9        We turn next to MBS’s claim against ILD under Wis. Stat. § 100.207(3)(a).  Section 100.207(3)(a) provides:

A person may not engage in negative option billing or negative enrollment of telecommunications services, including unbundled telecommunications services.  A person may not bill a customer for any telecommunications service that the customer did not affirmatively order unless that service is required to be provided by law, the federal communications commission or the public service commission.  A customer’s failure to refuse a person’s proposal to provide a telecommunications service is not an affirmative request for that telecommunications service.

10      Regarding MBS’s Wis. Stat. § 100.207(3)(a) claim against ILD, the trial court determined that MBS stated a claim against all defendants, with the exception of ILD:

I am satisfied that ILD did not bill the plaintiffs.  ILD collected, packaged, and communicated billing information to Wisconsin Bell, but that conduct cannot fairly be described as “billing” as in billing the plaintiffs, not any more than the post office or an internet service provider bills a homeowner by virtue of delivering a bill to the homeowner’s attention.

ILD may have played some aider or abettor role in this case, but the claim does not assert aider or abettor liability against ILD.

11      We disagree with the trial court’s reasoning that the complaint does not allege that ILD violated Wis. Stat. § 100.207(3)(a) because the complaint did not describe “billing” by ILD.  The statute expressly prohibits “engag[ing] in negative option billing,” which is precisely what ILD is alleged to have done by collecting, packaging, and communicating billing information to Wisconsin Bell.  See id.  Indeed, we conclude that the complaint adequately alleges that all defendants, in their various roles in the cramming scheme, “engage[d] in negative option billing.”  See id.  Contrary to defendants’ assertions, the complaint adequately explains each defendant’s role in the cramming scheme.  As described in the complaint, ILD’s role is more significant than that of an internet provider or the post-office, which have no role in putting together the bills they deliver.  We therefore conclude that the complaint pleads a § 100.207(3)(a) claim with the requisite particularity. 

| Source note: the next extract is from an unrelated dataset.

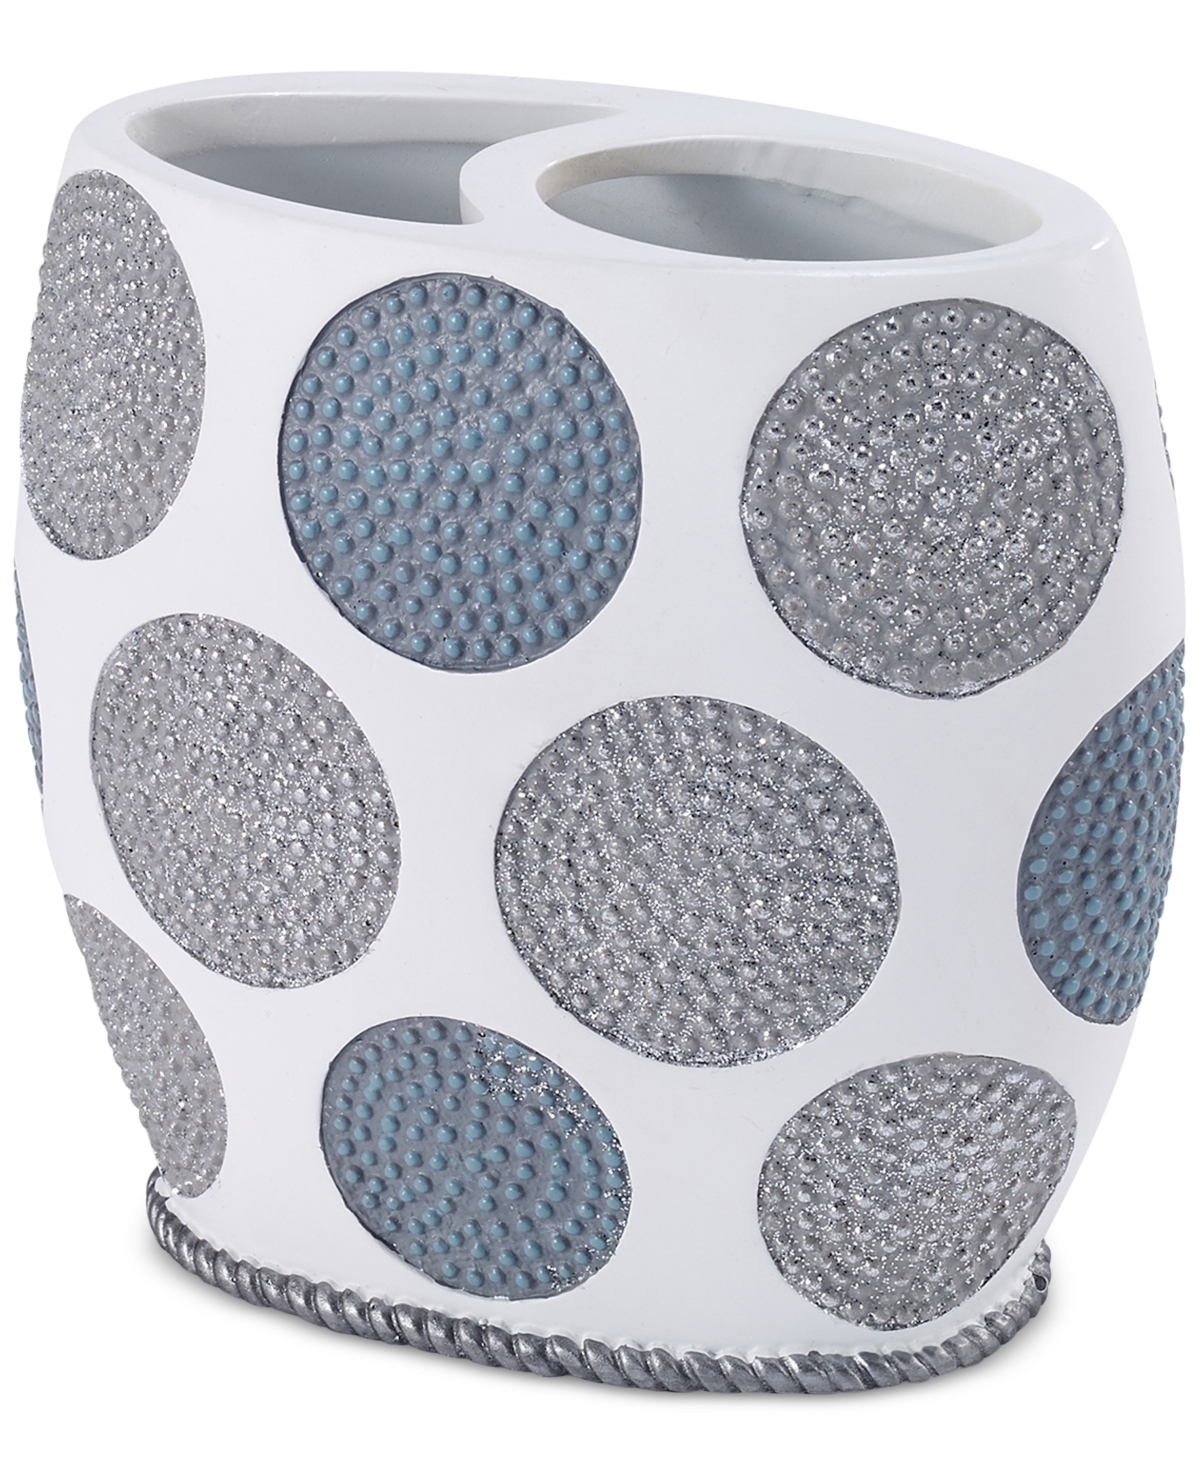 Dotted Circle Textured Resin Toothbrush Holder - Blue/Silver

12      Moreover, we disagree with defendants’ contention that the Wis. Stat. § 100.207(3) claim must be dismissed because MBS is not a “consumer” as defined by the Department of Agriculture, Trade, and Consumer Protection (“DATCP”).  As an initial matter, we note that the statute does not use the word “consumer;” rather, it prohibits negative billing and enrollment to “customers.”  We also agree with the trial court that the defendants’ arguments relying on the DATCP definition of “consumer” are unavailing:

The defendants reason that the word “customers” cannot be understood without reference to related statutes and regulation[s] and the related statute[s] and regulations apply only to [“]consumers.[”]

However, I see no need to resort to the other statutes and regulations to understand the meaning of [Wis. Stat. §] 100.207(3)(a) because the meaning of the word [“]customer[”] is plain, and its plain meaning does not distinguish between customers who buy telecommunications service for their homes as opposed to their businesses….  First, it is not mandatory for a court to consult related regulations in order to discern the meaning of the statute.  A court is permitted to do so if it needs to do so, to ferret out legislative intent, but when the Legislature uses plain language, there may not be a reason to do so….  The second flaw in defendants’ argument is the assumption that [§] 100.207 has no force apart from the regulations….  I have to disagree.  The language of [Wis. Stat. § 100.207](6)(e) directs the Department to promulgate rules, but the statute does not state that the rules are the exclusive means of enforcing the statute.  To the contrary, the statute explicitly provides for class action relief for a failure to comply with the statute.  And that portion of the statute makes no precondition of a rule violation for liability under the statute.  The third flaw under [defendants’] argument is that even if I was persuaded that I need to consult the regulation to better understand the meaning of the term [“]customer,[”] the regulations are of limited help.  Wisconsin Administrative Code ATCP 123.01 does not define the term [“]customer.[”]

(Some formatting altered.)  

13      Similarly, defendants point to no controlling authority for the contention that MBS, because it is a limited liability company, cannot be a “customer” under Wis. Stat. § 100.207(3)(a).  Cf. Wis. Stat. § 180.0302(1) (“[A] corporation … has the same powers as a natural person to do all things necessary or convenient to carry out its business and affairs, including but not limited to power to … [s]ue and be sued, complain and defend in its corporate name.”).  Given the dearth of controlling precedent to the contrary and the supreme court’s mandate that the statute is to be construed broadly to effectuate its anti-cramming purpose, see MBS II, 338 Wis. 2d 647, ¶¶43-44, 55, we conclude that MBS does have standing to sue defendants under § 100.207(3)(a).  Therefore, we reverse the part of the trial court’s order that grants ILD’s motion to dismiss MBS’s § 100.207(3)(a) claim.   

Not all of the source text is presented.